# WHAT YOU HAVE TO DO:
Here the job is to print all of the entries below verbatim and leave out any picture.

[Saved entries]
╭──

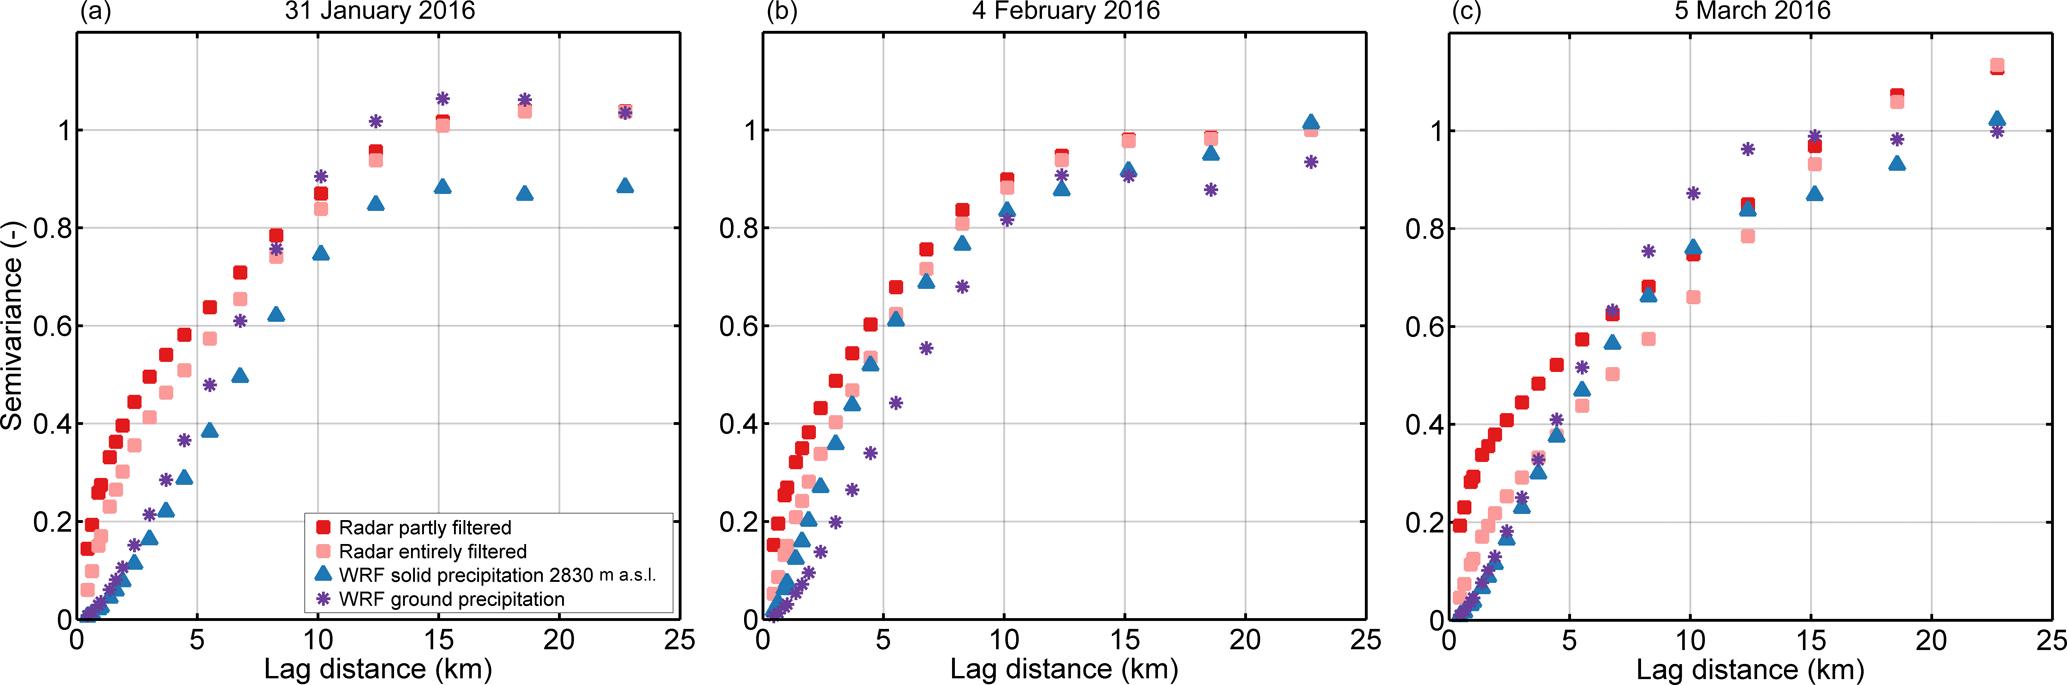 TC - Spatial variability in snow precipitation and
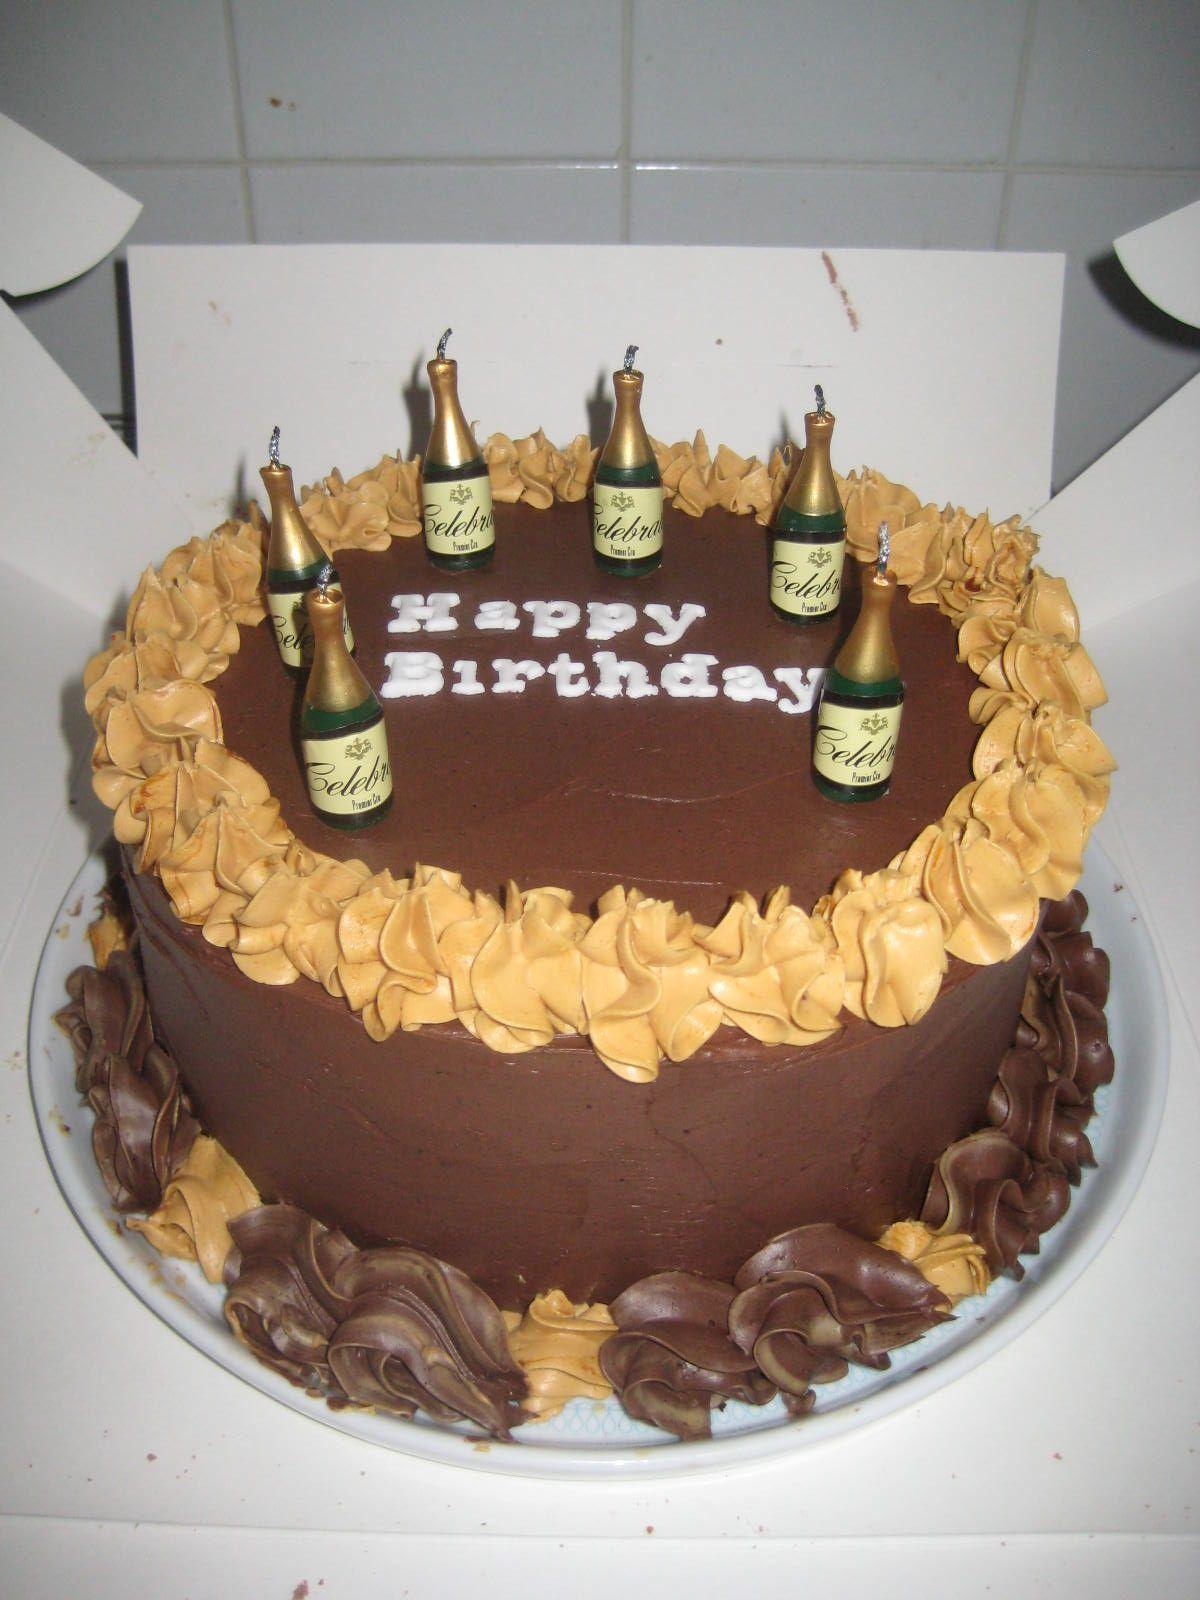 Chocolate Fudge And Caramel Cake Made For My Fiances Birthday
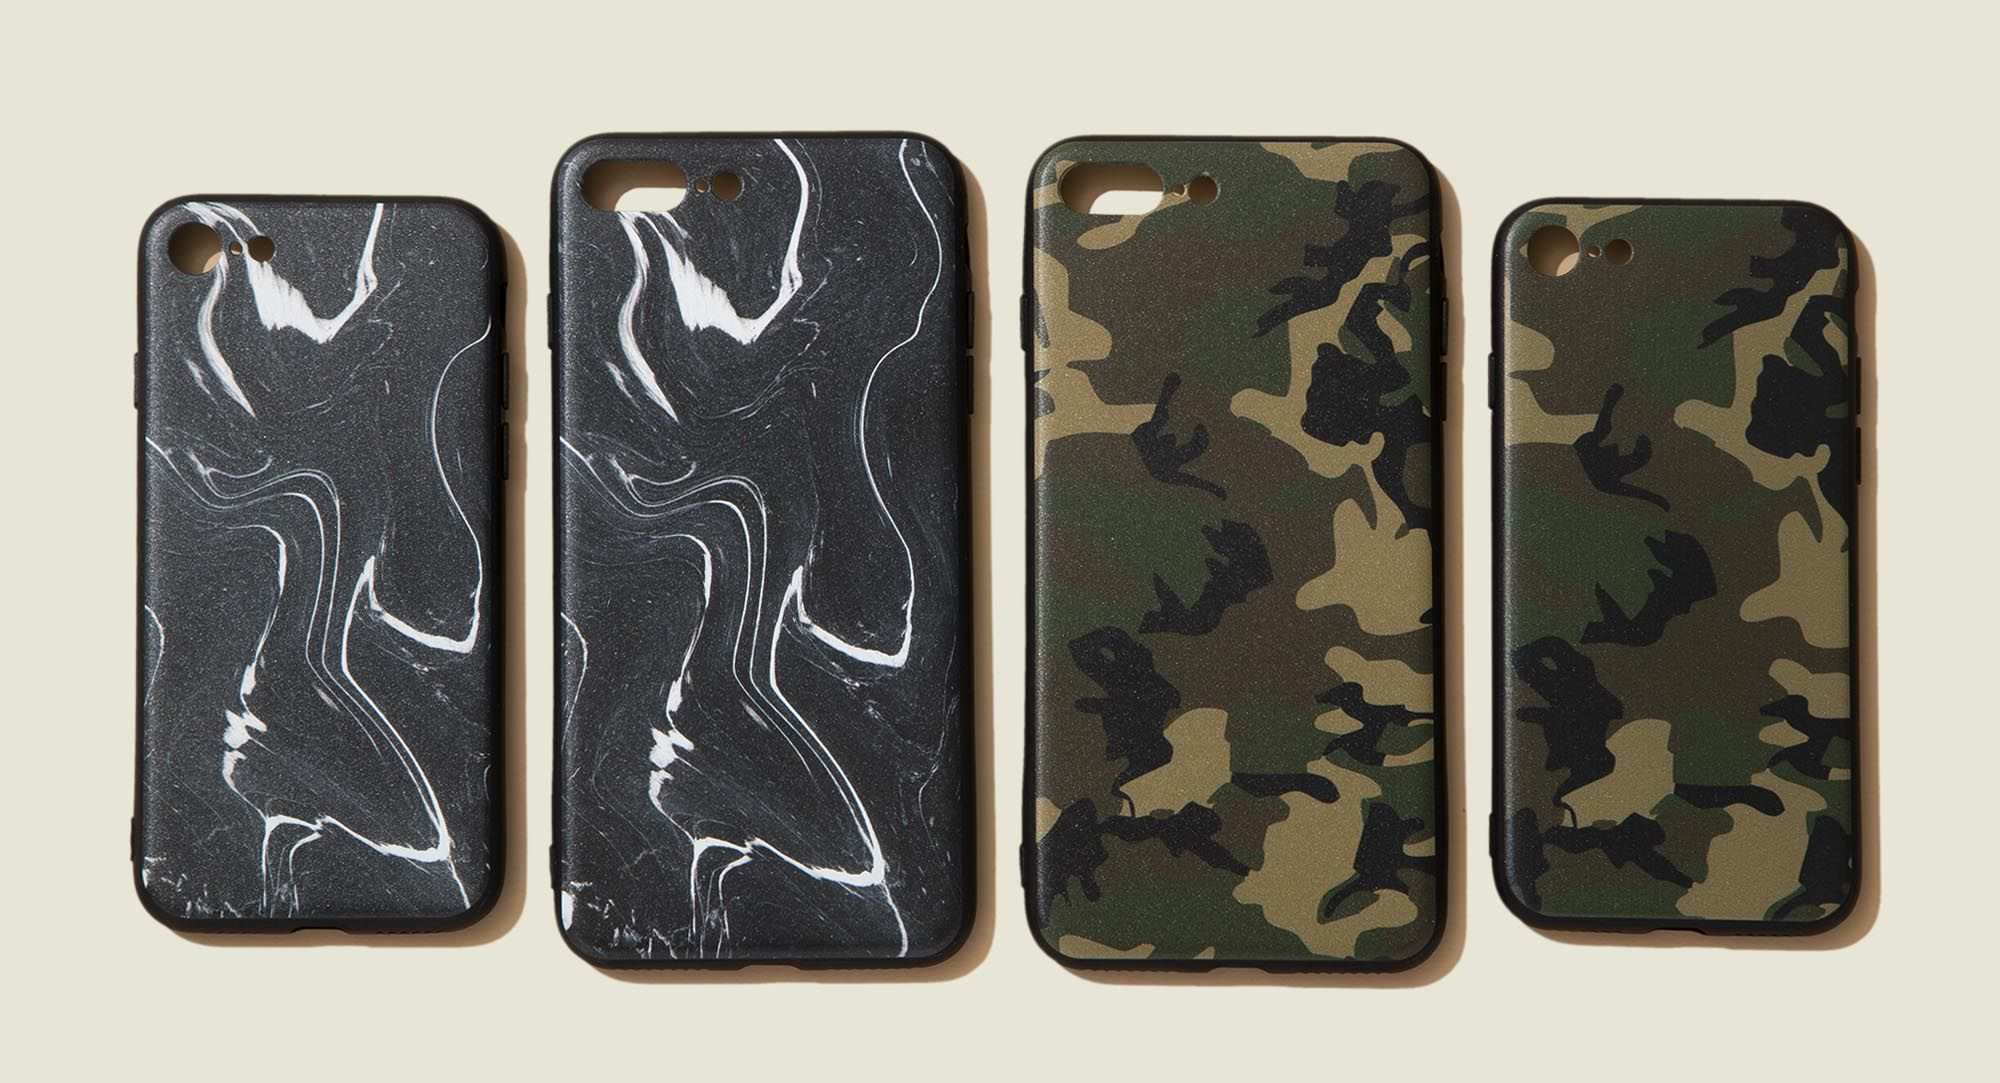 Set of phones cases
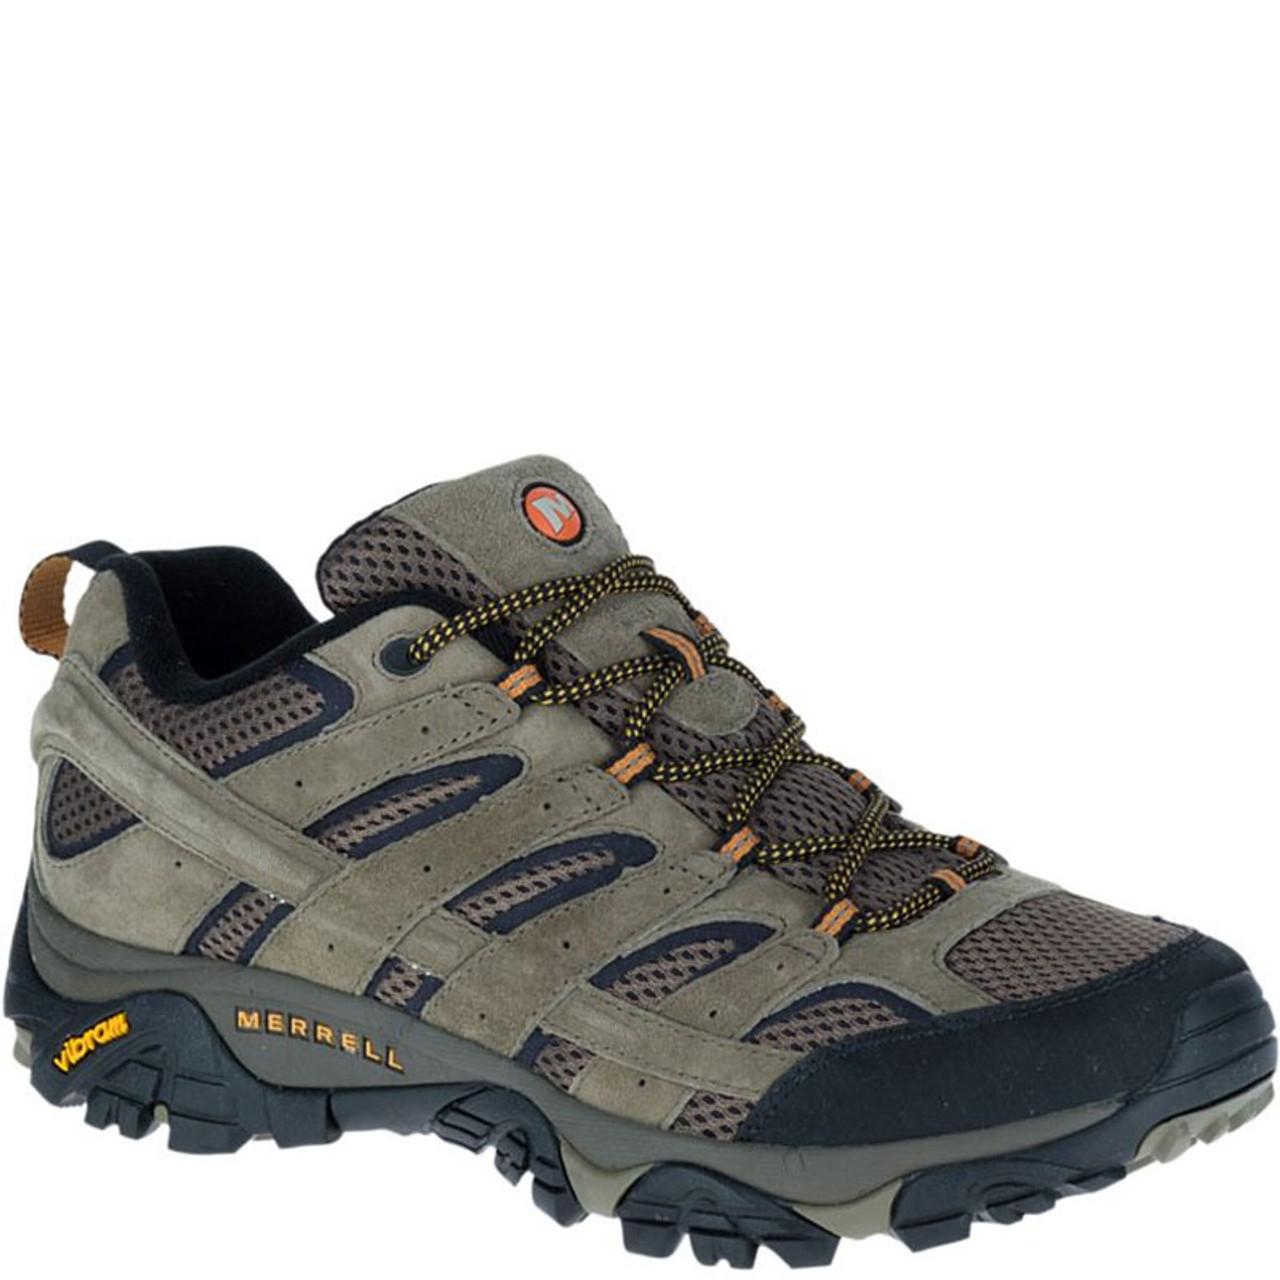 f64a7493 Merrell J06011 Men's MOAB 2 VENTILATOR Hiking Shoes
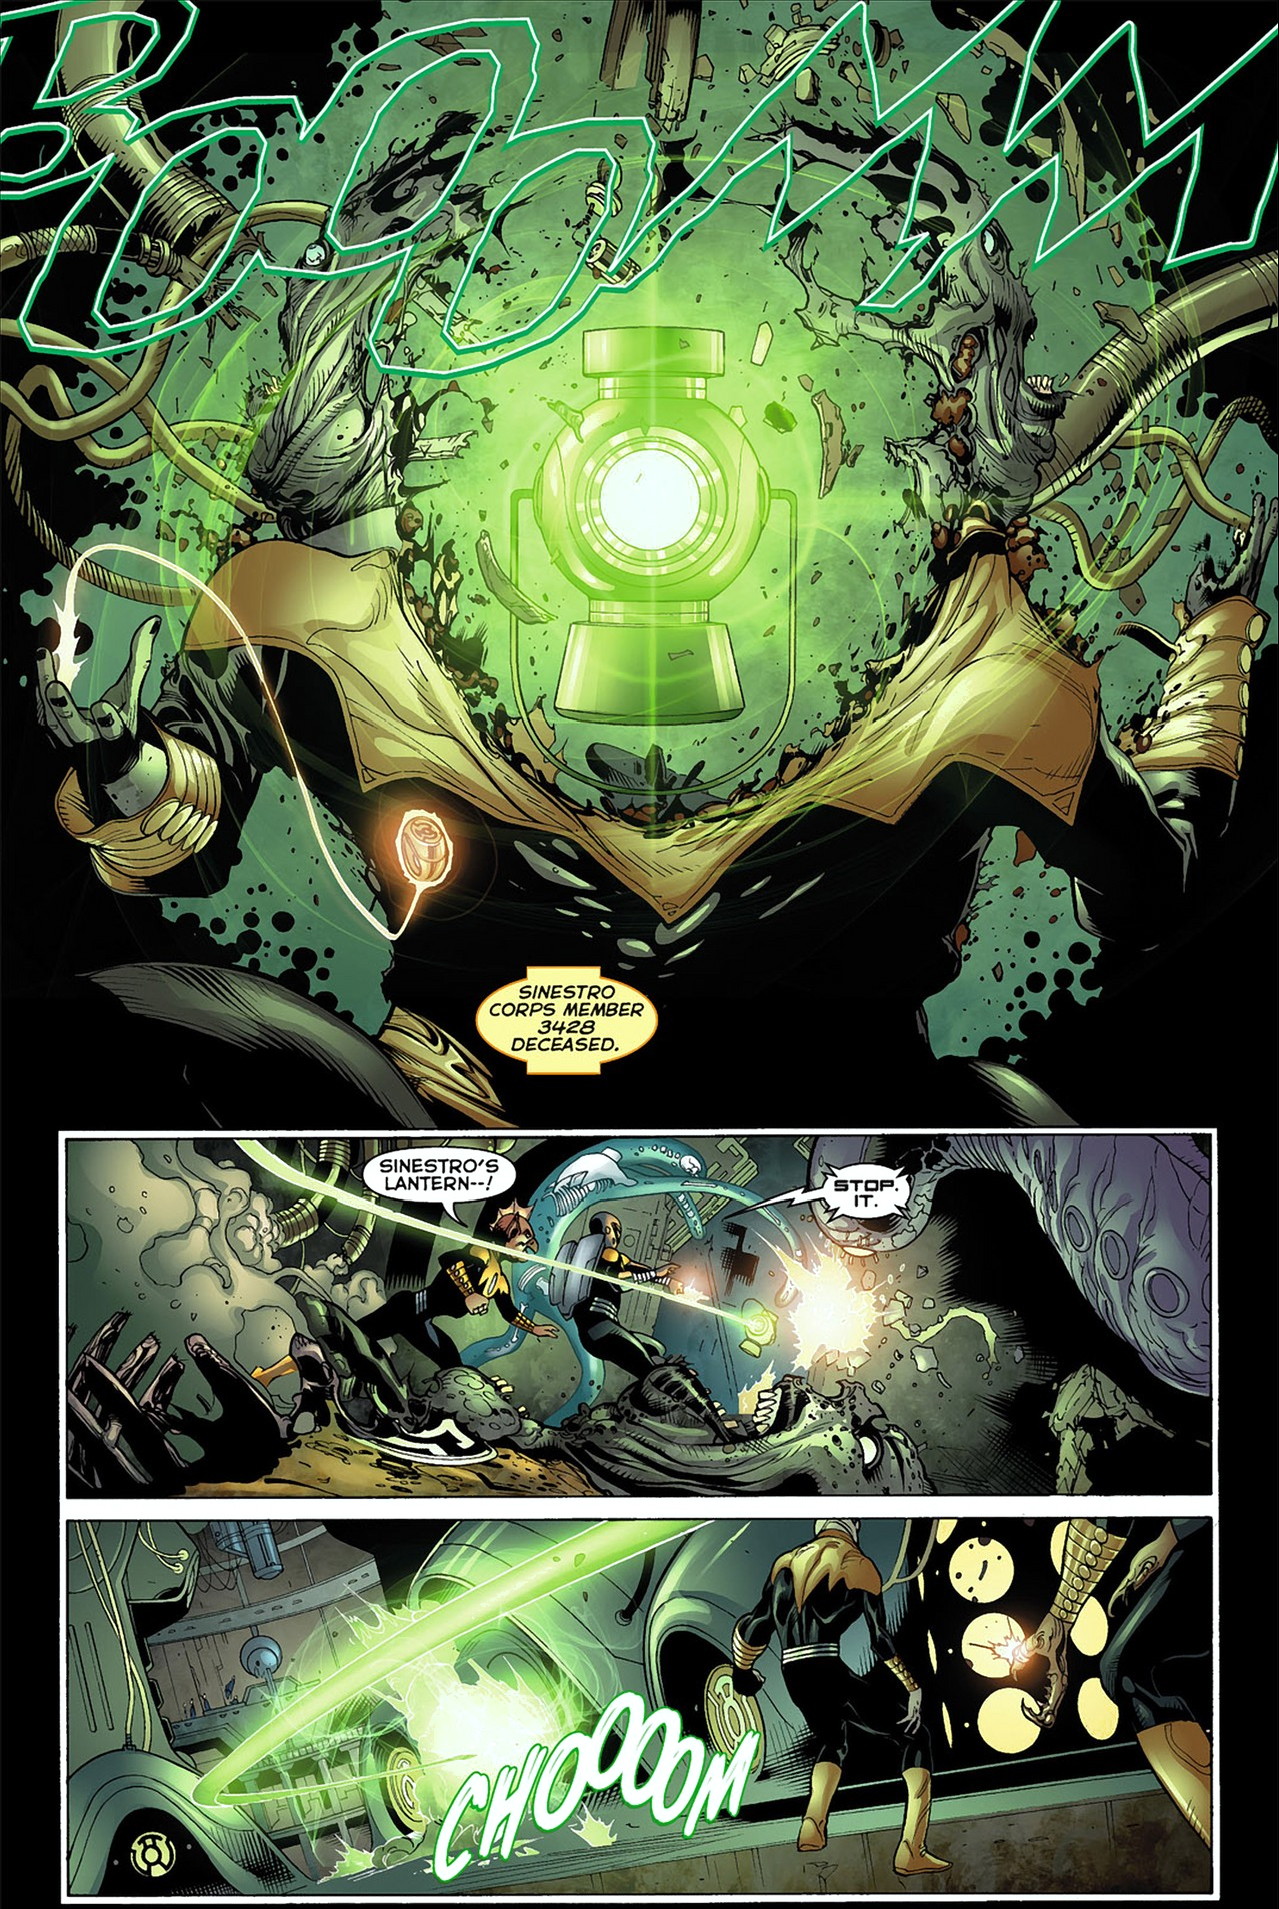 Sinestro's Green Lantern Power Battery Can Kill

╰──

# FINAL ANSWER:
 TC - Spatial variability in snow precipitation and
 Chocolate Fudge And Caramel Cake Made For My Fiances Birthday
 Set of phones cases
 f64a7493 Merrell J06011 Men's MOAB 2 VENTILATOR Hiking Shoes
 Sinestro's Green Lantern Power Battery Can Kill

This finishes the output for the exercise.